Changes in the Cerebrospinal Fluid and Plasma Lipidome in Patients with Rett Syndrome
Martina Zandl-Lang,
Thomas Züllig,
Martin Trötzmüller,
Yvonne Naegelin,
Lucia Abela,
Bernd Wilken,
Sabine Scholl-Buergi,
Daniela Karall,
Ludwig Kappos,
Harald Köfeler,
Barbara Plecko
Affiliations
Martina Zandl-Lang
Department of Paediatrics and Adolescent Medicine, Division of General Paediatrics, University Childrens’ Hospital Graz, Medical University of Graz, 8036 Graz, Austria
Thomas Züllig
Institute of Molecular Biosciences, NAWI Graz, University of Graz, 8010 Graz, Austria
Martin Trötzmüller
Core Facility Mass Spectrometry, Medical University of Graz, 8010 Graz, Austria
Yvonne Naegelin
Neurologic Clinic and Policlinic, Departments of Medicine, Biomedicine, and Clinical Research, University Hospital Basel, University of Basel, 4031 Basel, Switzerland
Lucia Abela
Department of Child Neurology, University Children’s Hospital Zurich, 8032 Zurich, Switzerland
Bernd Wilken
Department of Pediatric Neurology, Klinikum Kassel, 34125 Kassel, Germany
Sabine Scholl-Buergi
Clinic for Paediatrics I, Inherited Metabolic Disorders, Medical, University of Innsbruck, 6020 Innsbruck, Austria
Daniela Karall
Clinic for Paediatrics I, Inherited Metabolic Disorders, Medical, University of Innsbruck, 6020 Innsbruck, Austria
Ludwig Kappos
Neurologic Clinic and Policlinic, Departments of Medicine, Biomedicine, and Clinical Research, University Hospital Basel, University of Basel, 4031 Basel, Switzerland
Harald Köfeler
Core Facility Mass Spectrometry, Medical University of Graz, 8010 Graz, Austria
Barbara Plecko
Department of Paediatrics and Adolescent Medicine, Division of General Paediatrics, University Childrens’ Hospital Graz, Medical University of Graz, 8036 Graz, Austria
Rett syndrome (RTT) is defined as a rare disease caused by mutations of the methyl-CpG binding protein 2 (MECP2). It is one of the most common causes of genetic mental retardation in girls, characterized by normal early psychomotor development, followed by severe neurologic regression. Hitherto, RTT lacks a specific biomarker, but altered lipid homeostasis has been found in RTT model mice as well as in RTT patients. We performed LC-MS/MS lipidomics analysis to investigate the cerebrospinal fluid (CSF) and plasma composition of patients with RTT for biochemical variations compared to healthy controls. In all seven RTT patients, we found decreased CSF cholesterol levels compared to age-matched controls (n = 13), whereas plasma cholesterol levels were within the normal range in all 13 RTT patients compared to 18 controls.
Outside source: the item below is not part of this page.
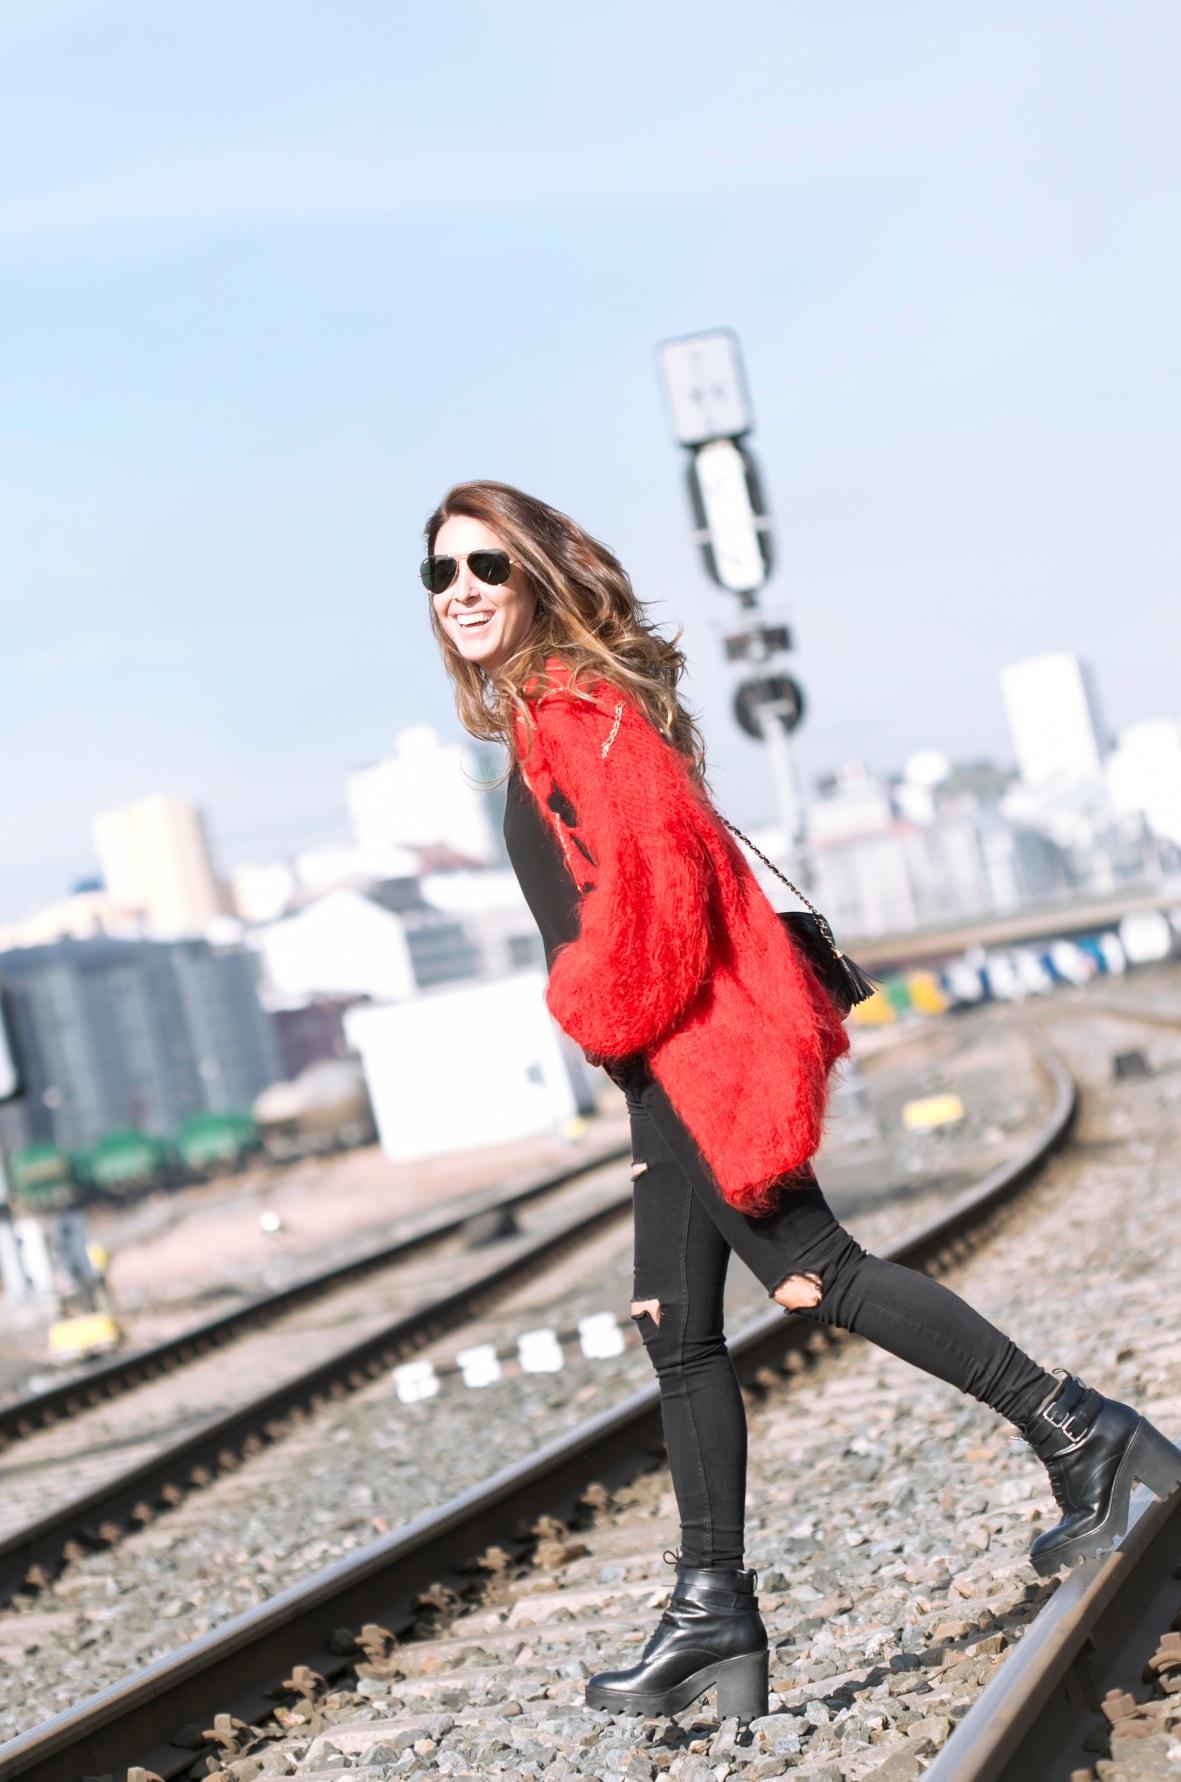 smile-mommyblogger-rayban-descalzaporelparque-style-coruña-vintage-rojo

Levels of phospholipid (PL) and sphingomyelin (SM) species were decreased in CSF of RTT patients, whereas the lipidomics profile of plasma samples was unaltered in RTT patients compared to healthy controls. This study shows that the CSF lipidomics profile is altered in RTT, which is the basis for future (functional) studies to validate selected lipid species as CSF biomarkers for RTT.